Корабли, каждый год приходящие из Франции, Голландии, Англии и Португаллии в Кантон, привозят обыкновенно следующие товары: серебро в разных деньгах; тонкие сукна всякого рода; камлоты; саржу; тонкие Голландские полотна; большие стенные и карманные часы; зеркала всякой величины; математические орудия; Английские футляры; карандаши, всякого рода Европейскую бумагу; разных родов галантерейные вещи; некоторые напитки Европейские, а особливо вино. Лучшая часть помянутых товаров расходится на подарки Мандаринам, управляющим городом; а остальное Европейские купцы продают обыкновенно с хорошим барышем. Серебро, привезенное ими, употребляют на покупку разных товаров, по договору прежде для них заготовленных. А при отъезде увозят: шелк сырец, камку вытканную по данным рисункам, шелковые материи, лаковую работу, зеленый и черный чай, бадьян, камыш, фарфор, делаемый по данным образцам. Они покупают иногда и золото, но [440] весьма редко, потому что за лучшее почитают покупать оное в Индии. В Кантоне находят довольно изрядные, но не в большом количестве, дорогие каменья, кроме алмазов.

В провинциях Коантунг и Фокиен ткут лучшие шелковые парчи, которые в великом множестве вывозятся в Европу, под именем Китайских.

Серебро, привозимое на Европейских кораблях, берут на таком же основании, как и Корейское, привозимое в Пекин; они имеют ту выгоду, что могут покупать товары, ставя по 30 и по 40 процентов дешевле, чего нельзя сделать в Пекине.

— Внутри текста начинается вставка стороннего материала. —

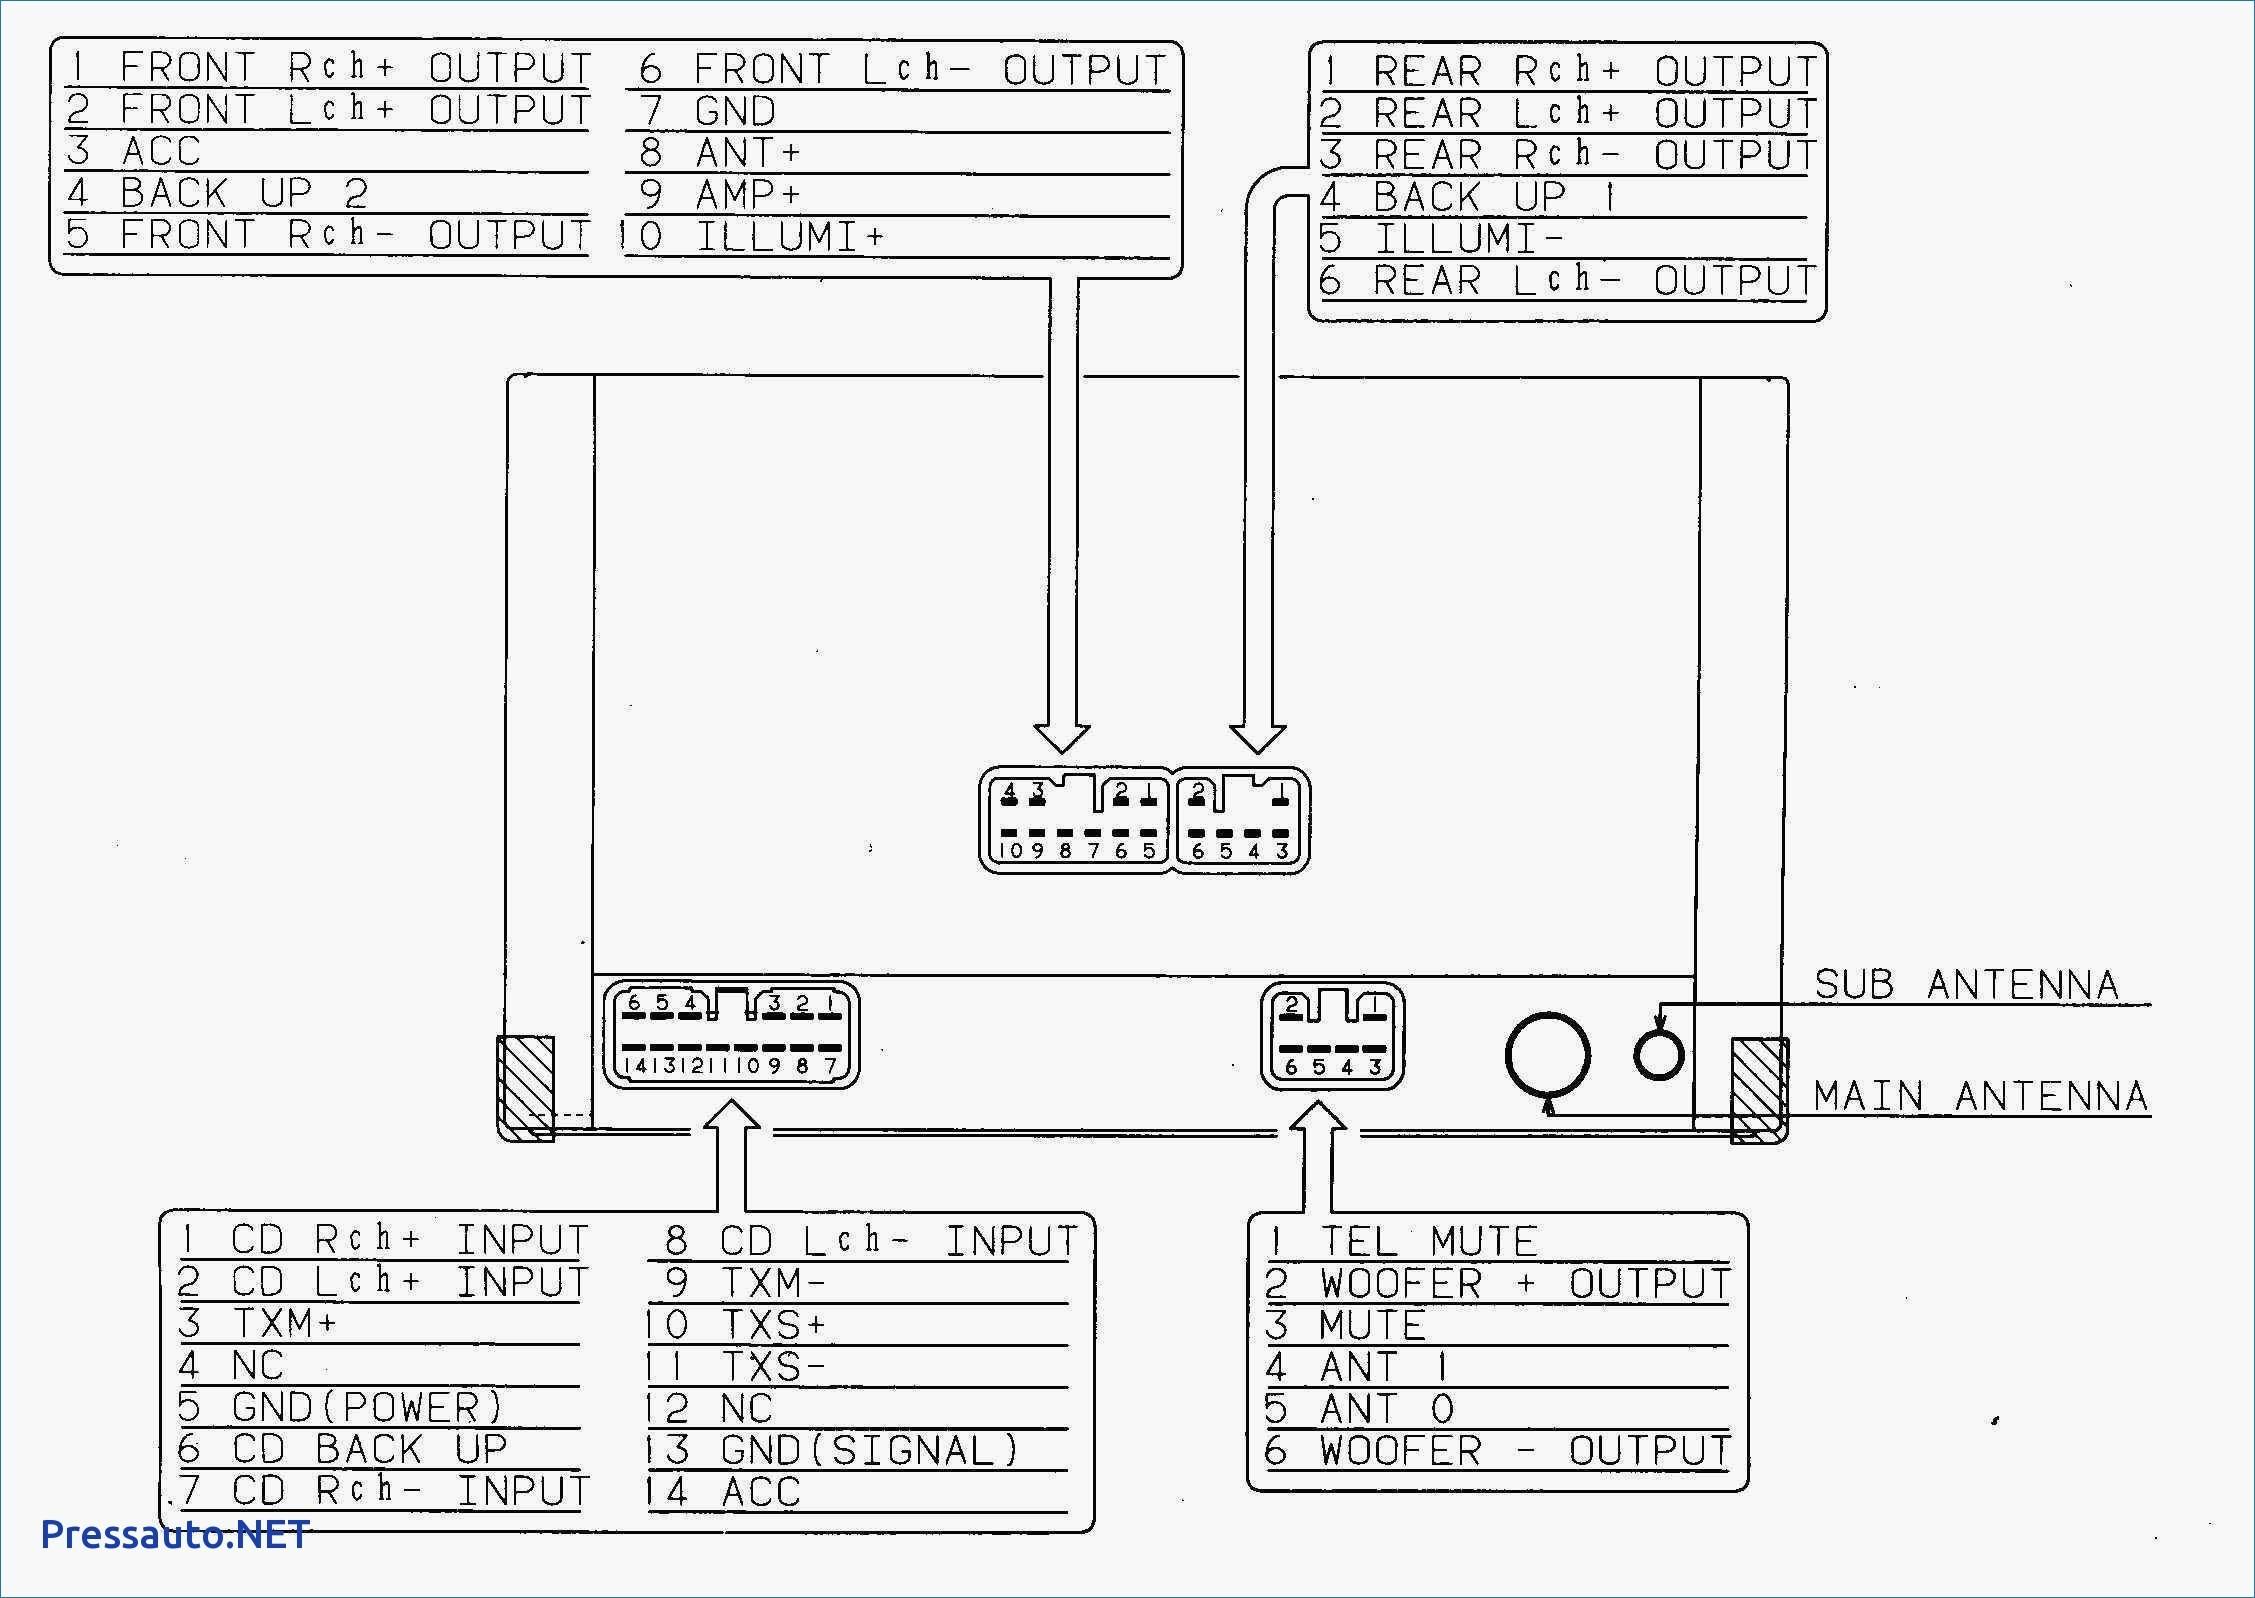 speaker wire diagram for car audio my wiring diagram rh detoxicrecenze com sony car radio wiring diagram kenwood car radio wire diagram

По сей-то причине Европейские купцы продают свои товары, считая деньги по Китайски, и платят таким же образом за купленные ими вещи. Ибо когда Китайцы узнают, что хотят менять товар на товар, то накладывают на свои товары столь высокую цену, что иностранцы с трудом могут получишь и третью часть настоящей цены за свои товары.

В прошедшем году прибыл в Кантон Французский Комиссар новоосновавшегося в Париже Индийского Общества 31, который получил было от Двора [441] позволение остаться там и на будущее время. Но при отправлении корабля, он встретил столь много препятствий в таможне и в Правительстве, хотевшем без сомнения, получить чрез то еще хорошие деньги, не смотря на многие поднесенные им подарки, что отчаявшись видеть конец грабительствам, дал приказ Капитану корабля сняться с якоря и поставить парусы, в досаду Мандаринам. Правда, он и успел в своем желании, но принужден был, для избежания обид, одеться по Китайски и скрыться в одном Доминиканском монастыре, отстоящем на 2 ли от Кантона 32, где тайно жил до тех пор, пока Отцы Иезуиты, его соотечественники, нашли случай, посредством подарков, исходатайствовать ему свободу жить открыто с двумя или тремя служителями, доколе Двор не разрешит сего, с тем только условием, чтоб служители и господин одевались по Китайски. Впрочем я узнал в [442] последствии, что Мандарины, управляющие в Китае, не упускают досаждать ему на каждом шагу, так что он кажется, уедет при первом удобном случае.

В прошедшем году приезжал в Кантон также Ост-Индский корабль под флагом Римского Императора. Наконец из Европы в Китай и из Китая в Европу тысячи перевозят различных безделиц, за которые большие получают барыши; но мне невозможно в точности их означить.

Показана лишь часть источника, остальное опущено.